Le terme romane: idrologia e termologia trionfanti
di Fabrizio Fattori
di Fabrizio Fattori
La vocazione all’ozio e al benessere psicofisico che ancora oggi caratterizza, nell’immaginario collettivo più desueto, i popoli mediterranei, si è, in passato, concretizzato materialmente nella realizzazione degli impianti termali che ancora si evidenziano, in rovina, in molte città romane sparpagliate all’interno dei confini dell’ex impero.

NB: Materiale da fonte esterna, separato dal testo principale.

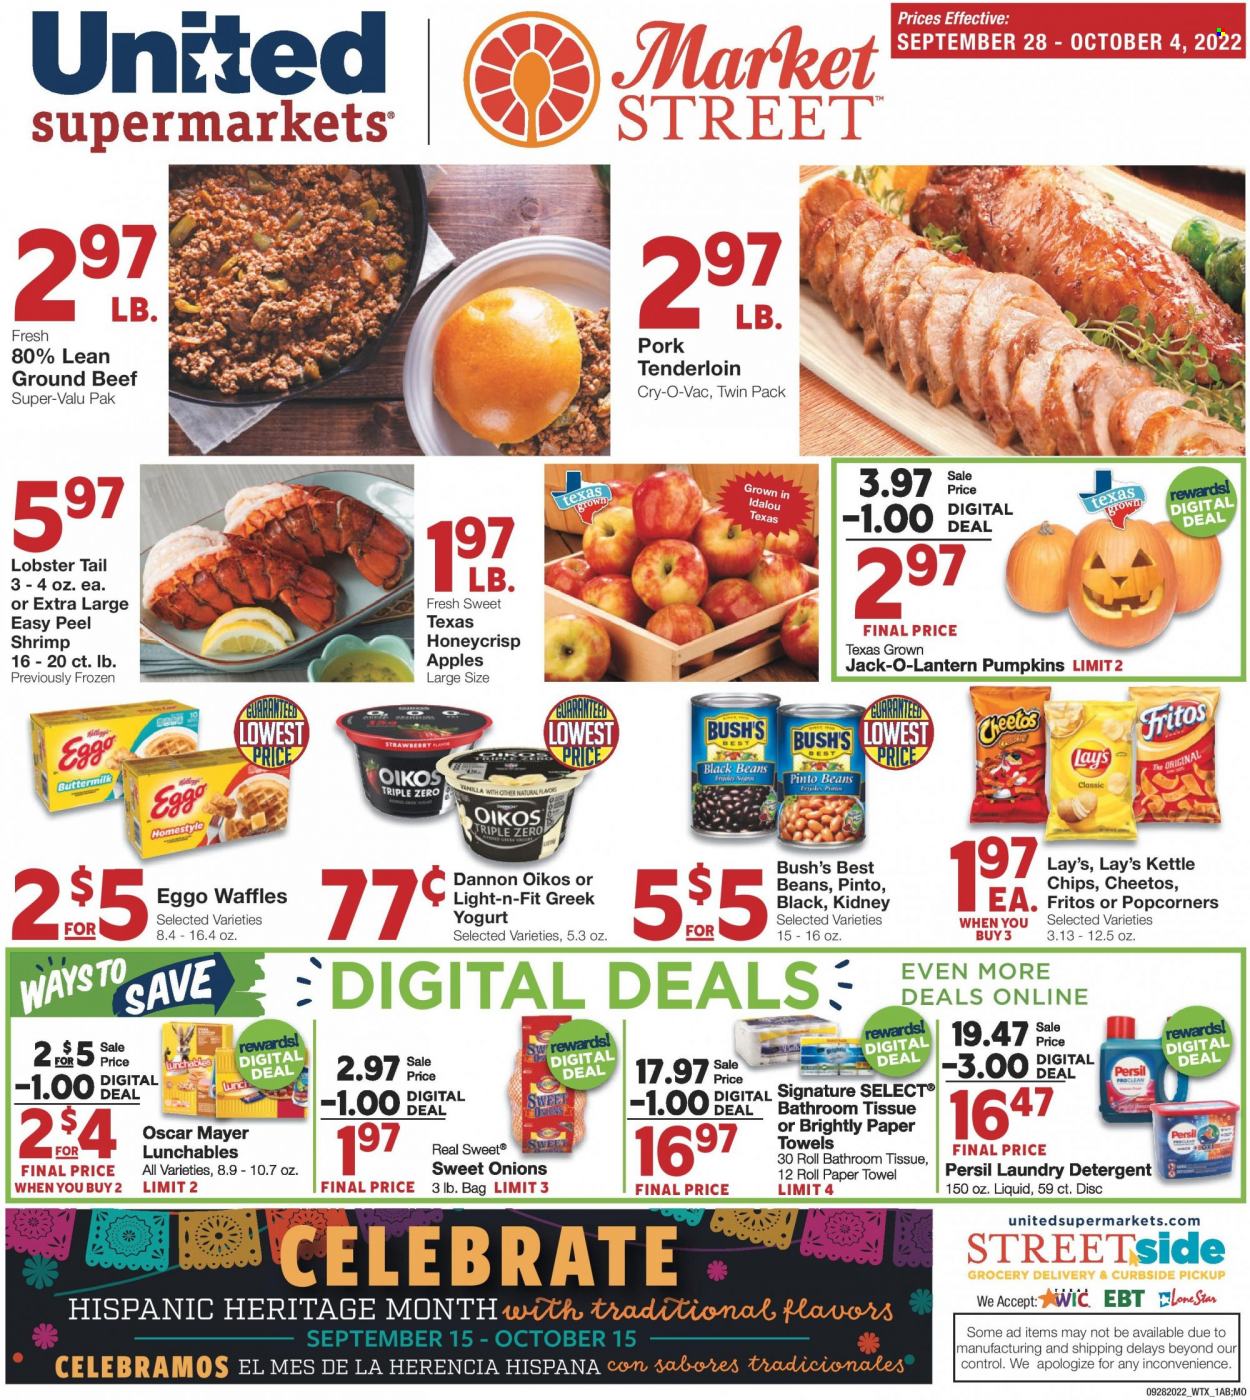 thumbnail - United Supermarkets Flyer - 09/28/2022 - 10/04/2022 - Sales products - waffles, pumpkin, apples, beef meat, ground beef, pork meat, pork tenderloin, lobster, lobster tail, shrimps, Lunchables, Oscar Mayer, greek yoghurt, yoghurt, Oikos, Dannon, buttermilk, Kellogg's, Fritos, Cheetos, Lay’s, popcorn, black beans, pinto beans, bath tissue, kitchen towels, paper towels, detergent, Persil, laundry detergent. Page 1.

Roma naturalmente ne conserva i resti maggiormente monumentali, retaggio di un insieme diffuso che arrivò a contare nel I° secolo a.C. circa 170 impianti pubblici, senza menzionare quelli privati che ammontavano a decine, testimonianza di stutus symbol delle magioni più raffinate. Qualche secolo dopo se ne contavano centinaia come documentato dai “Cataloghi” dei monumenti romani del IV° secolo d.C.
Donne romane nel frigidarium delle terme, da un dipinto di Lawrence Alma-Tadema.
Sviluppatesi dai “balnea” greci divennero in breve tempo più raffinate ed articolate su sempre più vaste dimensioni, per toccare livelli superlativi nelle grandi terme imperiali (11) divenute strumento di prestigio ed ostentazione da parte di imperatori sempre attenti ad avere il massimo consenso popolare.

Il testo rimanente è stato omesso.